### ASSIGNED TASK:
For the listing below, return the line containing "Grandpop Stainless Steel", the line containing "Men's Basketball Loses", and all lines in between, exactly as written and nothing else.

### DATA FOR REVIEW:
□ □ □ □ □ □ □
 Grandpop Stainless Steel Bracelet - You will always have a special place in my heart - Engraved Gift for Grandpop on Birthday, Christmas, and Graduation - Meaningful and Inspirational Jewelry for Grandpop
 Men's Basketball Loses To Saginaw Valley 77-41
□ □ □ □ □ □ □
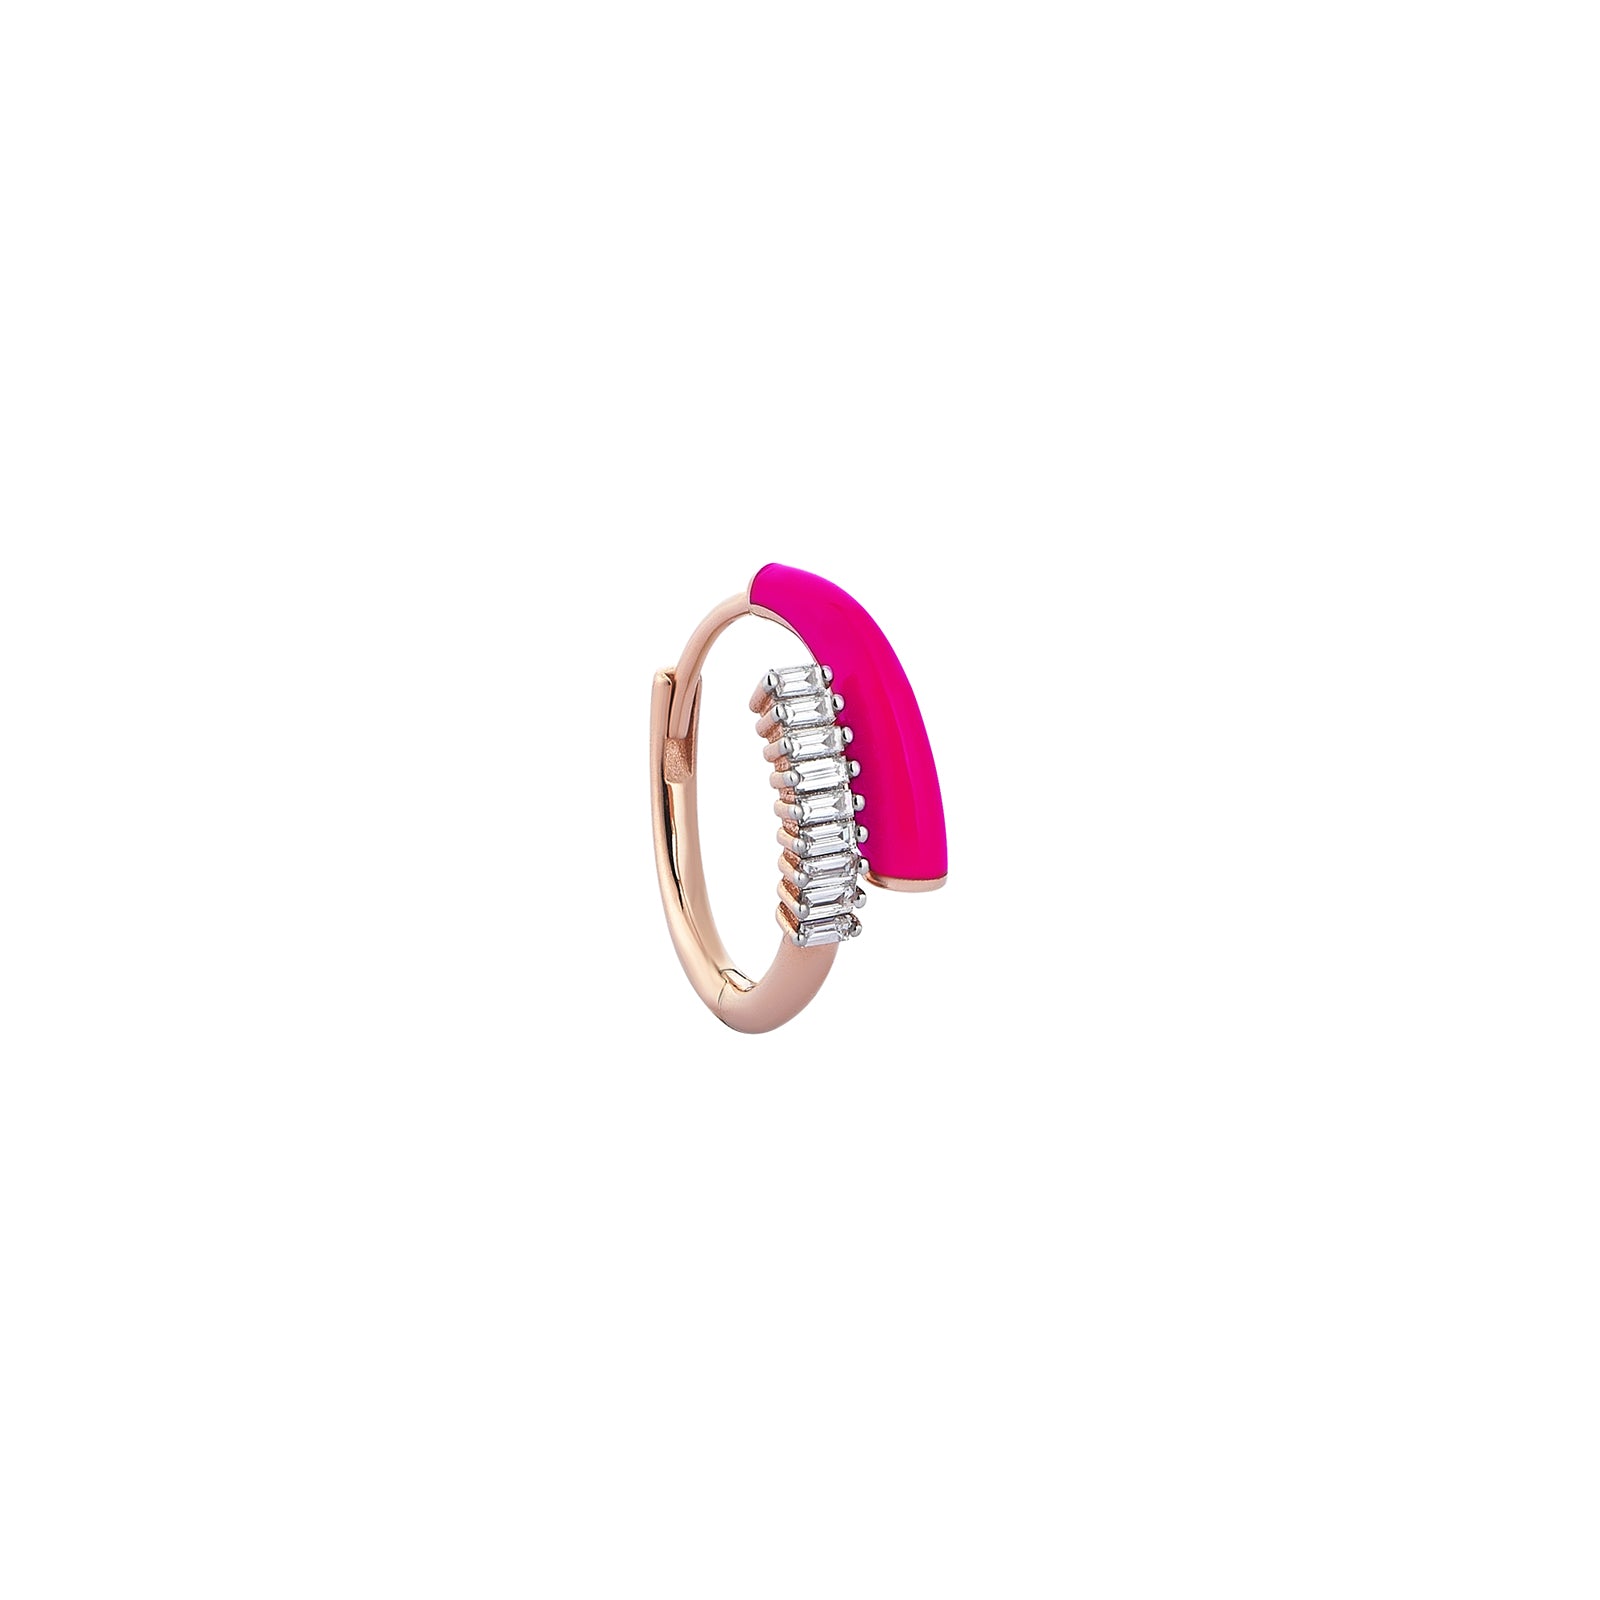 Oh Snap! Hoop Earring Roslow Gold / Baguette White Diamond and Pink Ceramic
□ □ □ □ □ □ □
### ANSWER FOR THIS EXERCISE:
 Grandpop Stainless Steel Bracelet - You will always have a special place in my heart - Engraved Gift for Grandpop on Birthday, Christmas, and Graduation - Meaningful and Inspirational Jewelry for Grandpop
 Men's Basketball Loses To Saginaw Valley 77-41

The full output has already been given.